The one frustrating thing about Drinking at the Movies, Julia Wertz's memoir of her early, soused months in Brooklyn, New York, is that at the end, almost as an afterthought, Wertz mentions that she got sober. She ends her book on the cusp of a major transition, from someone who is still amused by her own whiskey-soaked antics to someone who wonders if all that drinking is wrecking her life. As much as I love reading about Wertz's drunken makeouts aboard a Greyhound, I'm much more interested in why she made the change and how she did it.

Wertz has promised that she'll share some post-Drinking at the Movies comics down the line, but right now, she's working on a collection of comics about her childhood. For those of us who just can't wait to see the next stage of Wertz's story, she's shared three of the letters she wrote to her comics collective, the now-dissolved Pizza Island, while she was in rehab. In them, she pokes at the absurdities of rehab while acknowledging that this may be the thing that saves her life.What's particularly interesting about this phase of Wertz's comics is that for years Wertz wasn't examining her drinking from the perspective of sobriety. Fart Party, her first series of autobiographical comics, wasn't a post-drinking confessional along the lines of Jonathan Ames' Vertigo comic The Alcoholic. Instead, Fart Party was an autobiographical comic in which alcohol, like so many other things in Wertz's life, was both celebrated and denigrated. Wine and whiskey frequently appeared in tandem with junk food, lack of motivation, television and Wertz's own antisocial tendencies. Alcohol was a vice, but it wasn't more prominent than any other vice in her life. Of course, in retrospect, that one vice probably didn't help with some of the others.

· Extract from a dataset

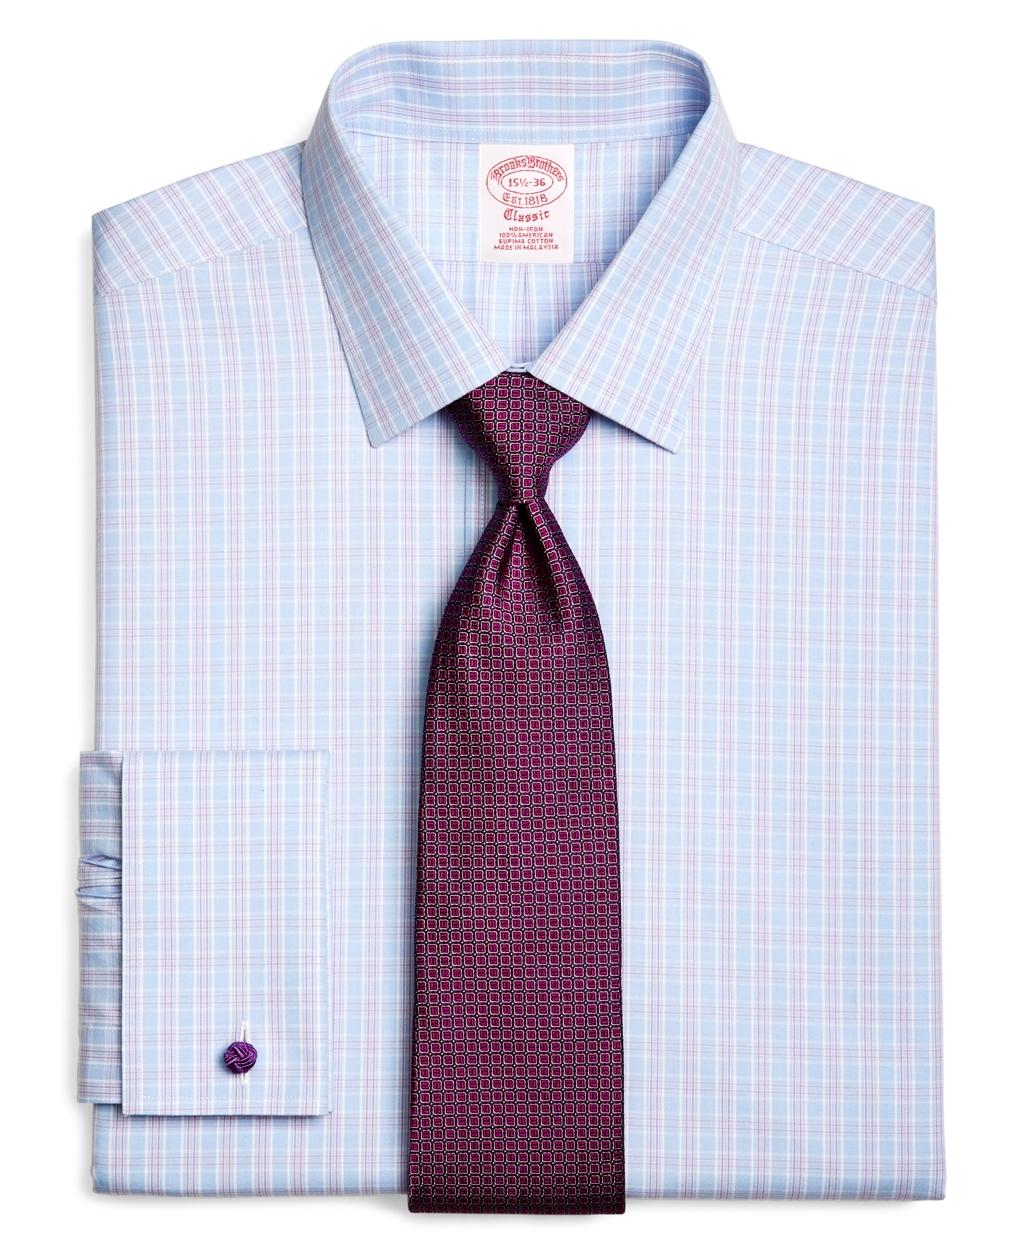 Brooks brothers supima cotton noniron regular fit spread for Supima cotton dress shirts

Then came the ominous opening to Drinking at the Movies: after a long night of drinking, Wertz comes to in a laundromat, wearing her pajamas, with little memory of how she got there. From then on, alcohol fuels her Bad Idea Bears. She spends long nights drinking alone in movie theaters (hence the title), and frequently passes out on park benches. First dates quickly turn to last dates after several glasses of wine. Her response to her a friend expressing concern over her drinking is to purchase a bottle of Jim Beam.

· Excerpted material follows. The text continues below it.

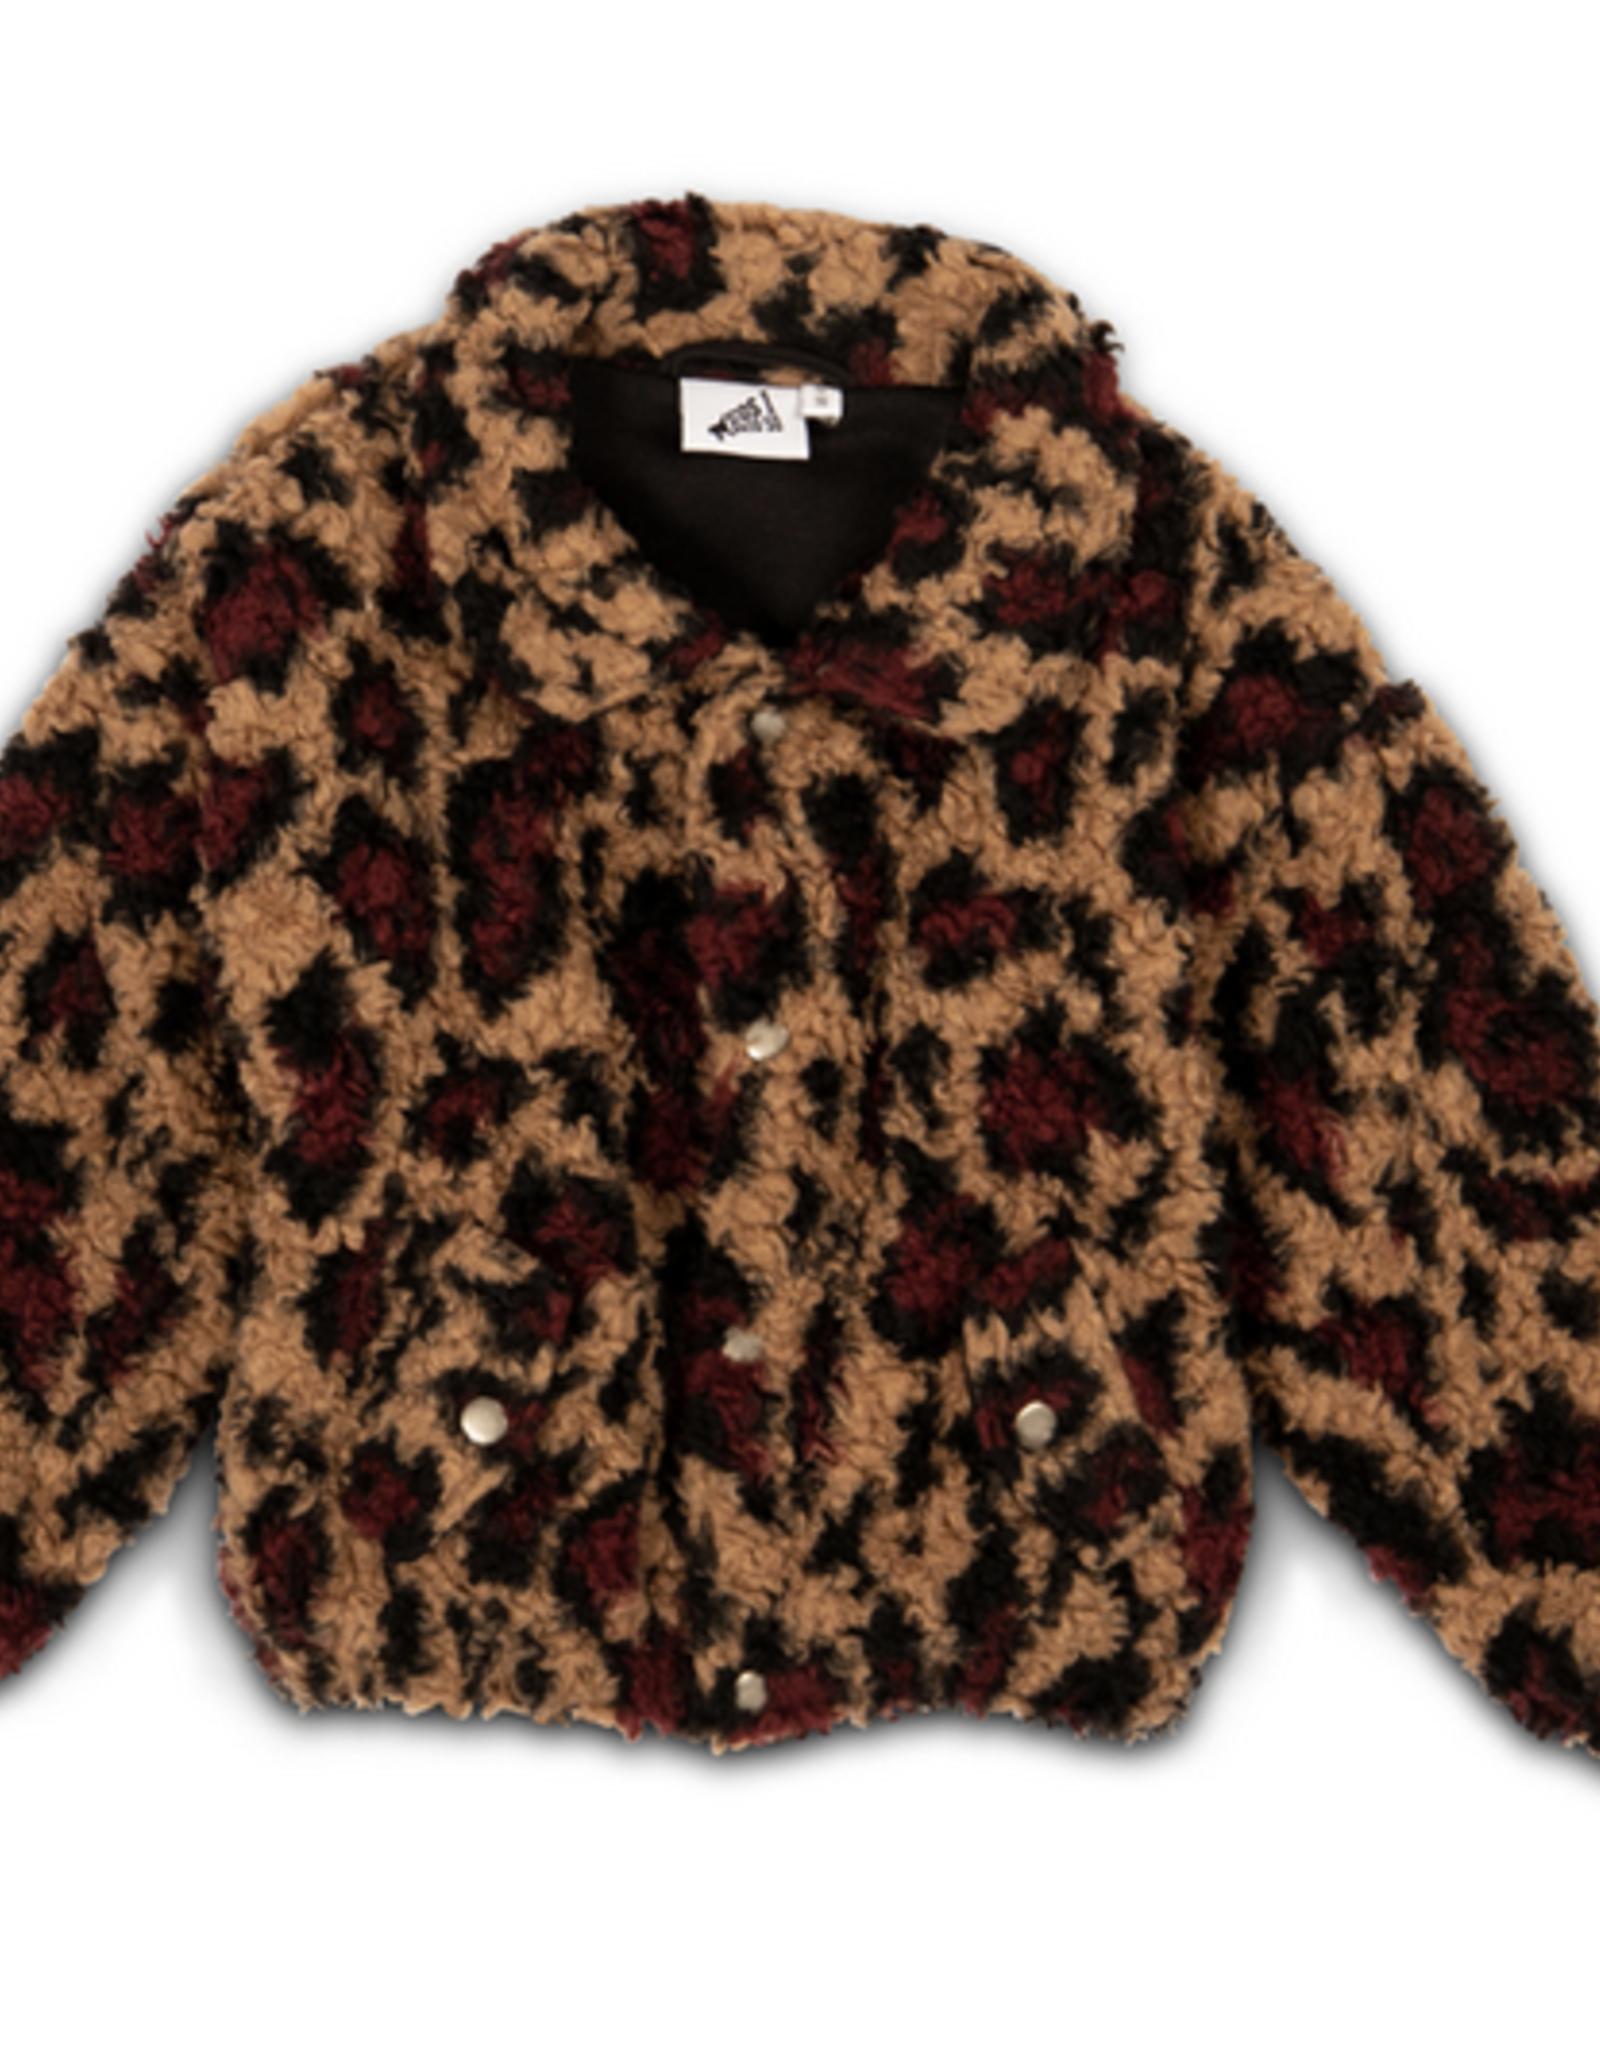 Cos i said so - Bomber jacket - Leopard jacket

In an interview on the Ink Panthers Podcast, Wertz said that she actually dislikes a lot of Drinking at the Movies because she felt that she wasn't being honest in the process of making the comics, and that as she's gotten sober and become more honest with herself, her comics have improved. We get some glimpses of that honesty in her illustrated letters to Pizza Island, which she wrote from rehab in the spring of 2010. Although Wertz didn't actually stay sober after her rehab stint, there are some nice moments of self-reflection. But, in true Julia Wertz fashion, first she's got to make fun of how ludicrous rehab is:


The second letter from rehab, excerpted up top, is the goofiest of the lot, outlining the seemingly absurd rules and regulations on the inside. Wertz acknowledges that they aren't her best writing (after all, she was sobering up), but under the classic Fart Party tone there's a clear sense that she understands the methods behind all this rehab madness. There's even a sense of optimism, a sense that, as painful as the process will be, it will make her a more complete person.

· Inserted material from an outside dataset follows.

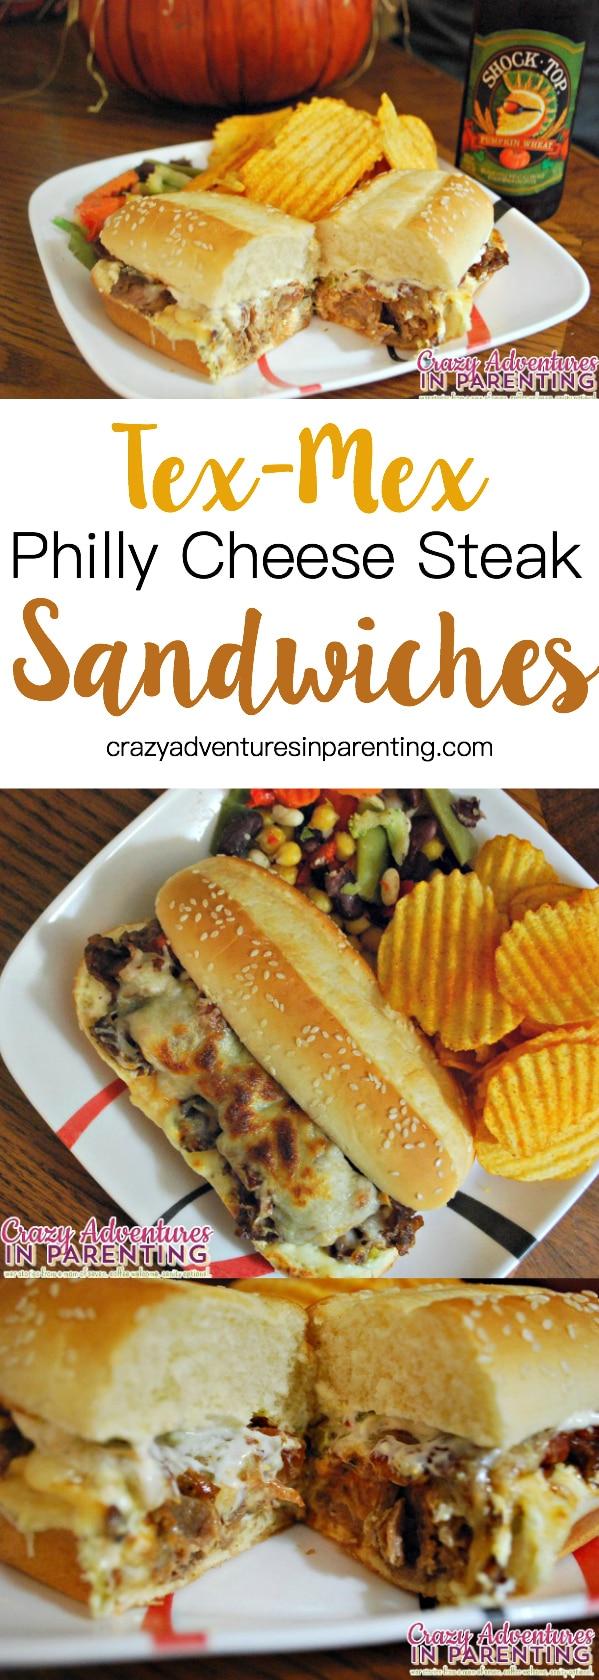 Tex-Mex Philly Cheese Steak Sandwiches

Note: I only censored the thing Wertz was planning on doing to the banana; she blacked out the rest.

And the best thing about this new, reflective Julia Wertz? She's funny. It's a funny that has its roots in Fart Party, but it's something smarter and wiser. It's the reason that Wertz ditched the Fart Party title and named her new comic series Museum of Mistakes. It's the perfect title for someone willing to put her own faults on display, so that everyone -- herself included -- can learn from them.